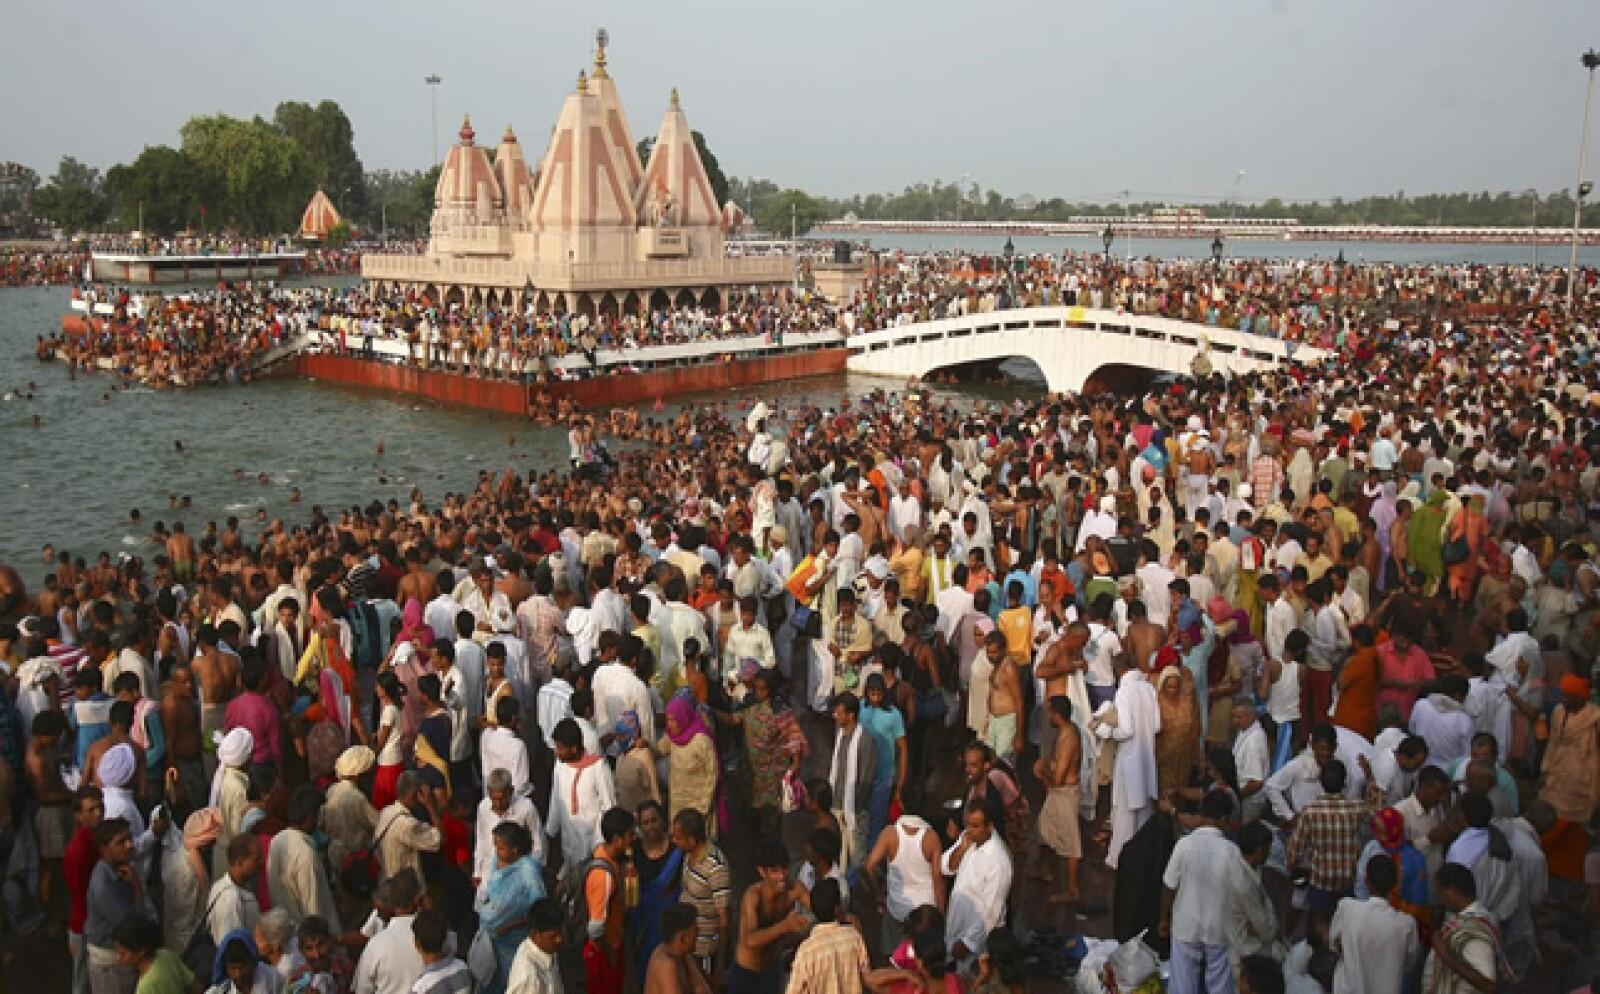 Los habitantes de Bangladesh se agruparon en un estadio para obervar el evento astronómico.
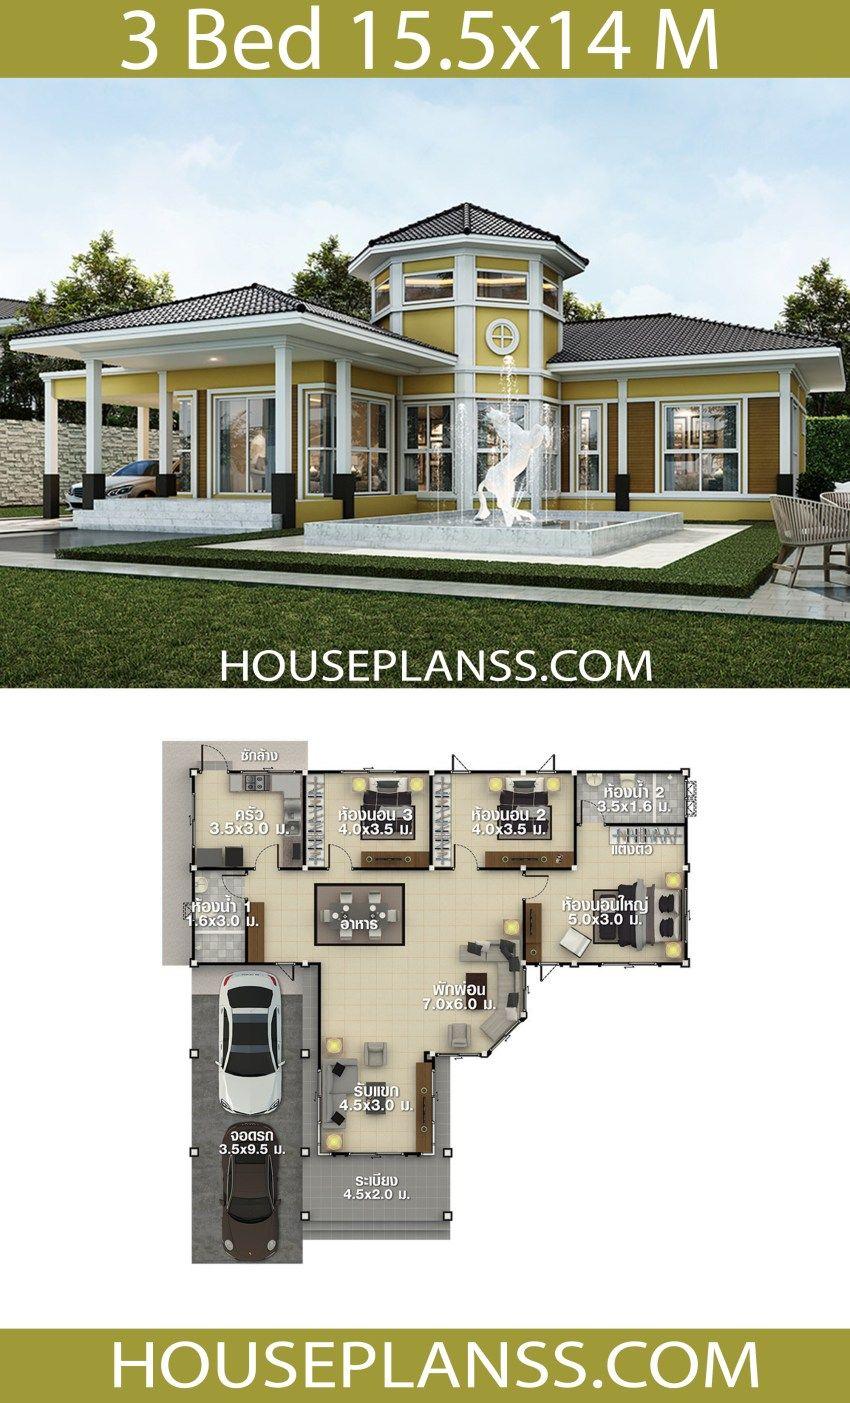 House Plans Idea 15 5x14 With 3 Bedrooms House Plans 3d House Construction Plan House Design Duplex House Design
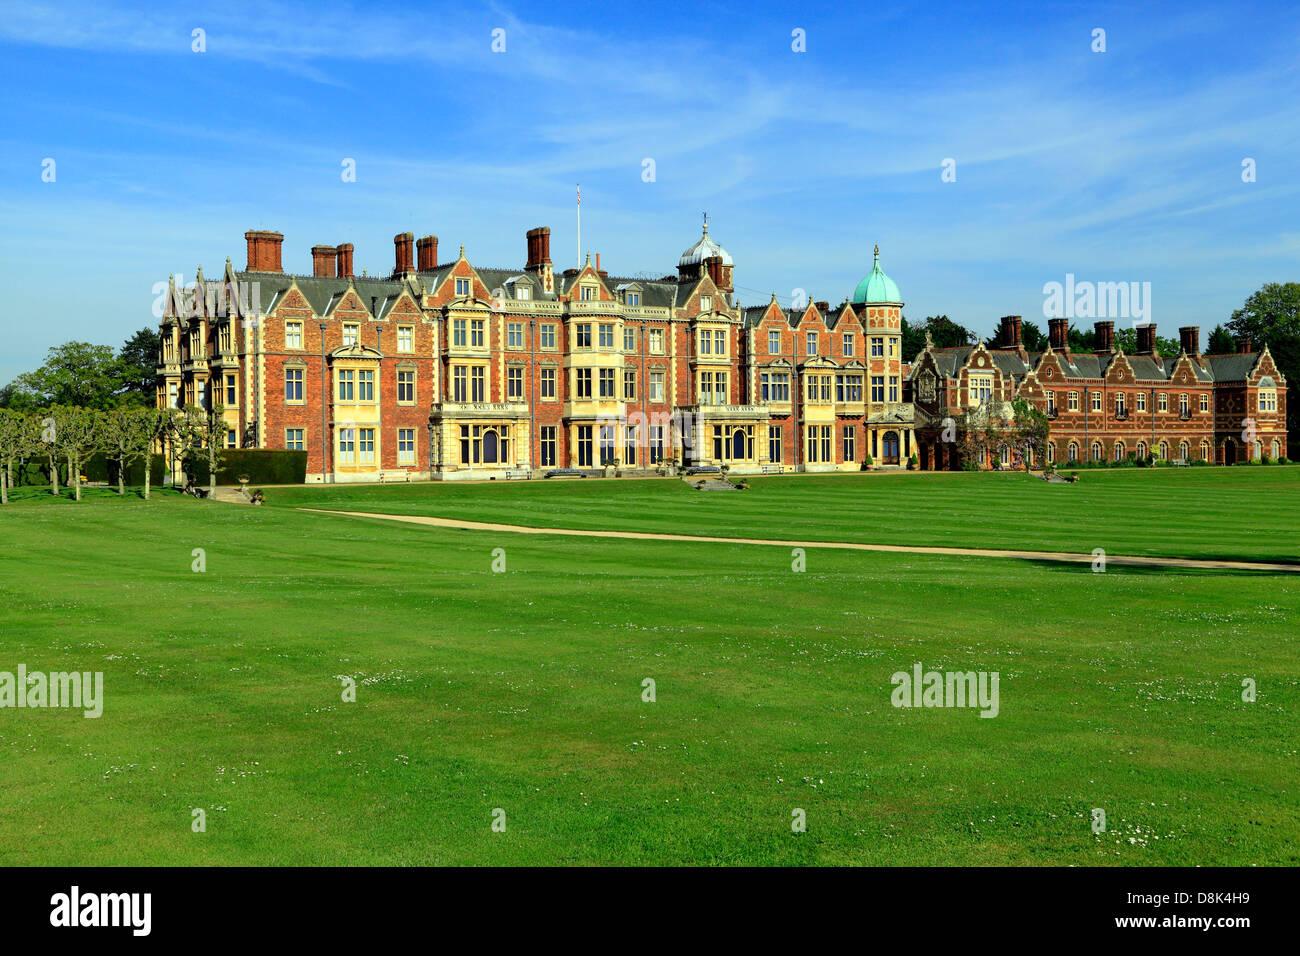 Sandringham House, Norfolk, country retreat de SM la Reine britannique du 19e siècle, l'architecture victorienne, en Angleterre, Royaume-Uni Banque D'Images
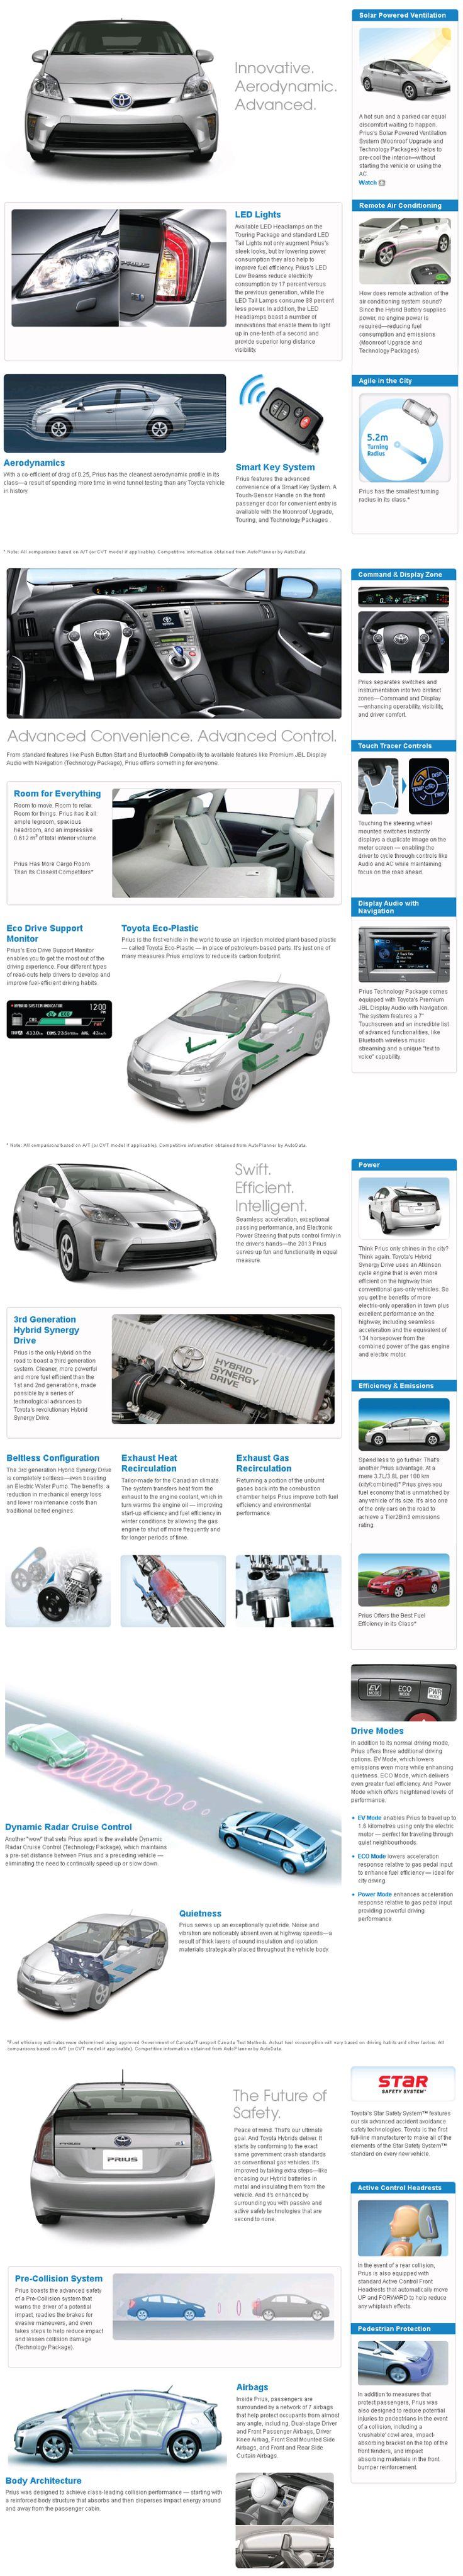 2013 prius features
+ + + +
*Activity:*
Beginning with the line that has "Sandringham House, Norfolk, country", repeat each remaining line of the data above word for word, keeping pictures out.

*Your solution:*
 Sandringham House, Norfolk, country retreat de SM la Reine britannique du 19e siècle, l'architecture victorienne, en Angleterre, Royaume-Uni Banque D'Images
 2013 prius features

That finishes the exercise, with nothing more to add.